* _Extracted records_:
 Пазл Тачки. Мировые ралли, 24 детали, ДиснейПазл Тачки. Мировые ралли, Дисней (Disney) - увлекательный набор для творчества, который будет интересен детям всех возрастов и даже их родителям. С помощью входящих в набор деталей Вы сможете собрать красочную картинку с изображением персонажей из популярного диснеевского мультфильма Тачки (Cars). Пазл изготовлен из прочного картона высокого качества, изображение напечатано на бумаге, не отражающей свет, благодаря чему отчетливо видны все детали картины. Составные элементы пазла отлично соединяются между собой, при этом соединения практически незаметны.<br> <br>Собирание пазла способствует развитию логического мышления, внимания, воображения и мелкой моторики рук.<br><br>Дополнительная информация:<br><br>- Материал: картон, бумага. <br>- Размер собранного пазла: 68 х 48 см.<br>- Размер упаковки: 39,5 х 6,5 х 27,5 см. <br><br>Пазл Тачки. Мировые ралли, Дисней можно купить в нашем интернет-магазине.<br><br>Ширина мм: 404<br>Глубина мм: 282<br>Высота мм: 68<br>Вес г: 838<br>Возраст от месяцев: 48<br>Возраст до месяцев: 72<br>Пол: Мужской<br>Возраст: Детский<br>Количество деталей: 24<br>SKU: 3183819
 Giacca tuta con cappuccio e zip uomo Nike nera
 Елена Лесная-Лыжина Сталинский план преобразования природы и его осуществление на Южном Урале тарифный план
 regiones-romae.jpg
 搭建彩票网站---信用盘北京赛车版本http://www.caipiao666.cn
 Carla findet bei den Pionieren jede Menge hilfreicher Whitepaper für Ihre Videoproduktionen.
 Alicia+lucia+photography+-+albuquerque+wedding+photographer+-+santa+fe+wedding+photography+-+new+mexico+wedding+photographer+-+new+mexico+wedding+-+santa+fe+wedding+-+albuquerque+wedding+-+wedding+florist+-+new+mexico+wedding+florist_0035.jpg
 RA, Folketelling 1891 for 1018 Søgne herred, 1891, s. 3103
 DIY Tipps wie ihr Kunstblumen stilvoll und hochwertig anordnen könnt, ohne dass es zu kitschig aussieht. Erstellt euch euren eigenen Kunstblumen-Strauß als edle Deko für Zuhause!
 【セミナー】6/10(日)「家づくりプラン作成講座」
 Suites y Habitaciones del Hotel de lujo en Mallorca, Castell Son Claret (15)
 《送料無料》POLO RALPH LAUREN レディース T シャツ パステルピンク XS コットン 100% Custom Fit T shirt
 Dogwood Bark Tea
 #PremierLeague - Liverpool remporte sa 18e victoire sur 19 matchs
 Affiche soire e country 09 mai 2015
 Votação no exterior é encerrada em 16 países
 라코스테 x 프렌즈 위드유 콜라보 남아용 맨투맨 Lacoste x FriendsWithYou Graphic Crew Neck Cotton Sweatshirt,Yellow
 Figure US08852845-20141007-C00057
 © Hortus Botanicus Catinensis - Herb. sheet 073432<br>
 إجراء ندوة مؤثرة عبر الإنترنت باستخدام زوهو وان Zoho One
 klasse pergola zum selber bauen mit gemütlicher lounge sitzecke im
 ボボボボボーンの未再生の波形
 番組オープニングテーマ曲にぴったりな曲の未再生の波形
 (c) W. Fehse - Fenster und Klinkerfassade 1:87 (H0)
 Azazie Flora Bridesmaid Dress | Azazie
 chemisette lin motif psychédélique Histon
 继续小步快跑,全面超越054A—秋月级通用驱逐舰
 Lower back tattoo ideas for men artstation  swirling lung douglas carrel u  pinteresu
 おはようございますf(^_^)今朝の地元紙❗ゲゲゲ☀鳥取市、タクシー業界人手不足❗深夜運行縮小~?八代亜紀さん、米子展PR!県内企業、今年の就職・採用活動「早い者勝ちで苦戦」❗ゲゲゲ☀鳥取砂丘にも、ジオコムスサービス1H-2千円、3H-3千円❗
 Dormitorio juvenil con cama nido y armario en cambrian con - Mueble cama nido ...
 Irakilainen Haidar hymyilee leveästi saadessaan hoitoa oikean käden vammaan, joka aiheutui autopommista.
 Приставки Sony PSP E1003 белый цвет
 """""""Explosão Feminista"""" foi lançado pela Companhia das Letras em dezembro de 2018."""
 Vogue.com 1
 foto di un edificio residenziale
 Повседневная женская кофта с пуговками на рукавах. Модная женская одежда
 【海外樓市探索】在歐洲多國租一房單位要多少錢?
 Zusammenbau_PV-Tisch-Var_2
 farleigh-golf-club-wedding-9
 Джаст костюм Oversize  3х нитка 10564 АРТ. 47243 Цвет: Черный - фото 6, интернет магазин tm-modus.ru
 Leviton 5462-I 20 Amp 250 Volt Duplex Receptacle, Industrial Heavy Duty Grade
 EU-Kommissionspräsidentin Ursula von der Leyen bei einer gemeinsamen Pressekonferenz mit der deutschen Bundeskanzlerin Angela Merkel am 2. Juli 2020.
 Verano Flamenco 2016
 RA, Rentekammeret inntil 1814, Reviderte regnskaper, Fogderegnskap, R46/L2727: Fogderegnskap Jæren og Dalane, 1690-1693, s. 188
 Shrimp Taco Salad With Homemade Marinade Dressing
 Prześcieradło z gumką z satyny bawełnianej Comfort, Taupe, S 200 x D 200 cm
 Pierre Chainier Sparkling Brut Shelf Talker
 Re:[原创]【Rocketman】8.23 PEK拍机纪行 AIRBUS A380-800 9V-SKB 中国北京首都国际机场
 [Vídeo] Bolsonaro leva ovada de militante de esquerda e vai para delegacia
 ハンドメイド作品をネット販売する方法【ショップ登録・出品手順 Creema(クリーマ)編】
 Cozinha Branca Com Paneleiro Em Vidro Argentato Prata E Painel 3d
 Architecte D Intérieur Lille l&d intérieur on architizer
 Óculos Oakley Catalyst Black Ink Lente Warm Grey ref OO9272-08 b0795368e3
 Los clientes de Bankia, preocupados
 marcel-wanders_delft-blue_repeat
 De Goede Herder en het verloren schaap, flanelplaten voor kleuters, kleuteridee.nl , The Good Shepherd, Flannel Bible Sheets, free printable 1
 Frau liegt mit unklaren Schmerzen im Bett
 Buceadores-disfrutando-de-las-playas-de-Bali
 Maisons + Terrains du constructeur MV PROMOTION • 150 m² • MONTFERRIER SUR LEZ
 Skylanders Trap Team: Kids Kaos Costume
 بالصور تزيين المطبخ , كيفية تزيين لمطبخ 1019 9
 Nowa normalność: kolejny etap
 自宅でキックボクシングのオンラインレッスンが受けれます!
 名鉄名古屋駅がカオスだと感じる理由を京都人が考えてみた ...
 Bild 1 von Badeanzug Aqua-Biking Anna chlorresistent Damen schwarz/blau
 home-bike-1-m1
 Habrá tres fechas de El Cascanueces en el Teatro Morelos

* _EXERCISE DESCRIPTION_: Would you mind giving all the records again exactly?

* _ANSWER TO THIS TASK_:
 Пазл Тачки. Мировые ралли, 24 детали, ДиснейПазл Тачки. Мировые ралли, Дисней (Disney) - увлекательный набор для творчества, который будет интересен детям всех возрастов и даже их родителям. С помощью входящих в набор деталей Вы сможете собрать красочную картинку с изображением персонажей из популярного диснеевского мультфильма Тачки (Cars). Пазл изготовлен из прочного картона высокого качества, изображение напечатано на бумаге, не отражающей свет, благодаря чему отчетливо видны все детали картины. Составные элементы пазла отлично соединяются между собой, при этом соединения практически незаметны.<br> <br>Собирание пазла способствует развитию логического мышления, внимания, воображения и мелкой моторики рук.<br><br>Дополнительная информация:<br><br>- Материал: картон, бумага. <br>- Размер собранного пазла: 68 х 48 см.<br>- Размер упаковки: 39,5 х 6,5 х 27,5 см. <br><br>Пазл Тачки. Мировые ралли, Дисней можно купить в нашем интернет-магазине.<br><br>Ширина мм: 404<br>Глубина мм: 282<br>Высота мм: 68<br>Вес г: 838<br>Возраст от месяцев: 48<br>Возраст до месяцев: 72<br>Пол: Мужской<br>Возраст: Детский<br>Количество деталей: 24<br>SKU: 3183819
 Giacca tuta con cappuccio e zip uomo Nike nera
 Елена Лесная-Лыжина Сталинский план преобразования природы и его осуществление на Южном Урале тарифный план
 regiones-romae.jpg
 搭建彩票网站---信用盘北京赛车版本http://www.caipiao666.cn
 Carla findet bei den Pionieren jede Menge hilfreicher Whitepaper für Ihre Videoproduktionen.
 Alicia+lucia+photography+-+albuquerque+wedding+photographer+-+santa+fe+wedding+photography+-+new+mexico+wedding+photographer+-+new+mexico+wedding+-+santa+fe+wedding+-+albuquerque+wedding+-+wedding+florist+-+new+mexico+wedding+florist_0035.jpg
 RA, Folketelling 1891 for 1018 Søgne herred, 1891, s. 3103
 DIY Tipps wie ihr Kunstblumen stilvoll und hochwertig anordnen könnt, ohne dass es zu kitschig aussieht. Erstellt euch euren eigenen Kunstblumen-Strauß als edle Deko für Zuhause!
 【セミナー】6/10(日)「家づくりプラン作成講座」
 Suites y Habitaciones del Hotel de lujo en Mallorca, Castell Son Claret (15)
 《送料無料》POLO RALPH LAUREN レディース T シャツ パステルピンク XS コットン 100% Custom Fit T shirt
 Dogwood Bark Tea
 #PremierLeague - Liverpool remporte sa 18e victoire sur 19 matchs
 Affiche soire e country 09 mai 2015
 Votação no exterior é encerrada em 16 países
 라코스테 x 프렌즈 위드유 콜라보 남아용 맨투맨 Lacoste x FriendsWithYou Graphic Crew Neck Cotton Sweatshirt,Yellow
 Figure US08852845-20141007-C00057
 © Hortus Botanicus Catinensis - Herb. sheet 073432<br>
 إجراء ندوة مؤثرة عبر الإنترنت باستخدام زوهو وان Zoho One
 klasse pergola zum selber bauen mit gemütlicher lounge sitzecke im
 ボボボボボーンの未再生の波形
 番組オープニングテーマ曲にぴったりな曲の未再生の波形
 (c) W. Fehse - Fenster und Klinkerfassade 1:87 (H0)
 Azazie Flora Bridesmaid Dress | Azazie
 chemisette lin motif psychédélique Histon
 继续小步快跑,全面超越054A—秋月级通用驱逐舰
 Lower back tattoo ideas for men artstation  swirling lung douglas carrel u  pinteresu
 おはようございますf(^_^)今朝の地元紙❗ゲゲゲ☀鳥取市、タクシー業界人手不足❗深夜運行縮小~?八代亜紀さん、米子展PR!県内企業、今年の就職・採用活動「早い者勝ちで苦戦」❗ゲゲゲ☀鳥取砂丘にも、ジオコムスサービス1H-2千円、3H-3千円❗
 Dormitorio juvenil con cama nido y armario en cambrian con - Mueble cama nido ...
 Irakilainen Haidar hymyilee leveästi saadessaan hoitoa oikean käden vammaan, joka aiheutui autopommista.
 Приставки Sony PSP E1003 белый цвет
 """""""Explosão Feminista"""" foi lançado pela Companhia das Letras em dezembro de 2018."""
 Vogue.com 1
 foto di un edificio residenziale
 Повседневная женская кофта с пуговками на рукавах. Модная женская одежда
 【海外樓市探索】在歐洲多國租一房單位要多少錢?
 Zusammenbau_PV-Tisch-Var_2
 farleigh-golf-club-wedding-9
 Джаст костюм Oversize  3х нитка 10564 АРТ. 47243 Цвет: Черный - фото 6, интернет магазин tm-modus.ru
 Leviton 5462-I 20 Amp 250 Volt Duplex Receptacle, Industrial Heavy Duty Grade
 EU-Kommissionspräsidentin Ursula von der Leyen bei einer gemeinsamen Pressekonferenz mit der deutschen Bundeskanzlerin Angela Merkel am 2. Juli 2020.
 Verano Flamenco 2016
 RA, Rentekammeret inntil 1814, Reviderte regnskaper, Fogderegnskap, R46/L2727: Fogderegnskap Jæren og Dalane, 1690-1693, s. 188
 Shrimp Taco Salad With Homemade Marinade Dressing
 Prześcieradło z gumką z satyny bawełnianej Comfort, Taupe, S 200 x D 200 cm
 Pierre Chainier Sparkling Brut Shelf Talker
 Re:[原创]【Rocketman】8.23 PEK拍机纪行 AIRBUS A380-800 9V-SKB 中国北京首都国际机场
 [Vídeo] Bolsonaro leva ovada de militante de esquerda e vai para delegacia
 ハンドメイド作品をネット販売する方法【ショップ登録・出品手順 Creema(クリーマ)編】
 Cozinha Branca Com Paneleiro Em Vidro Argentato Prata E Painel 3d
 Architecte D Intérieur Lille l&d intérieur on architizer
 Óculos Oakley Catalyst Black Ink Lente Warm Grey ref OO9272-08 b0795368e3
 Los clientes de Bankia, preocupados
 marcel-wanders_delft-blue_repeat
 De Goede Herder en het verloren schaap, flanelplaten voor kleuters, kleuteridee.nl , The Good Shepherd, Flannel Bible Sheets, free printable 1
 Frau liegt mit unklaren Schmerzen im Bett
 Buceadores-disfrutando-de-las-playas-de-Bali
 Maisons + Terrains du constructeur MV PROMOTION • 150 m² • MONTFERRIER SUR LEZ
 Skylanders Trap Team: Kids Kaos Costume
 بالصور تزيين المطبخ , كيفية تزيين لمطبخ 1019 9
 Nowa normalność: kolejny etap
 自宅でキックボクシングのオンラインレッスンが受けれます!
 名鉄名古屋駅がカオスだと感じる理由を京都人が考えてみた ...
 Bild 1 von Badeanzug Aqua-Biking Anna chlorresistent Damen schwarz/blau
 home-bike-1-m1
 Habrá tres fechas de El Cascanueces en el Teatro Morelos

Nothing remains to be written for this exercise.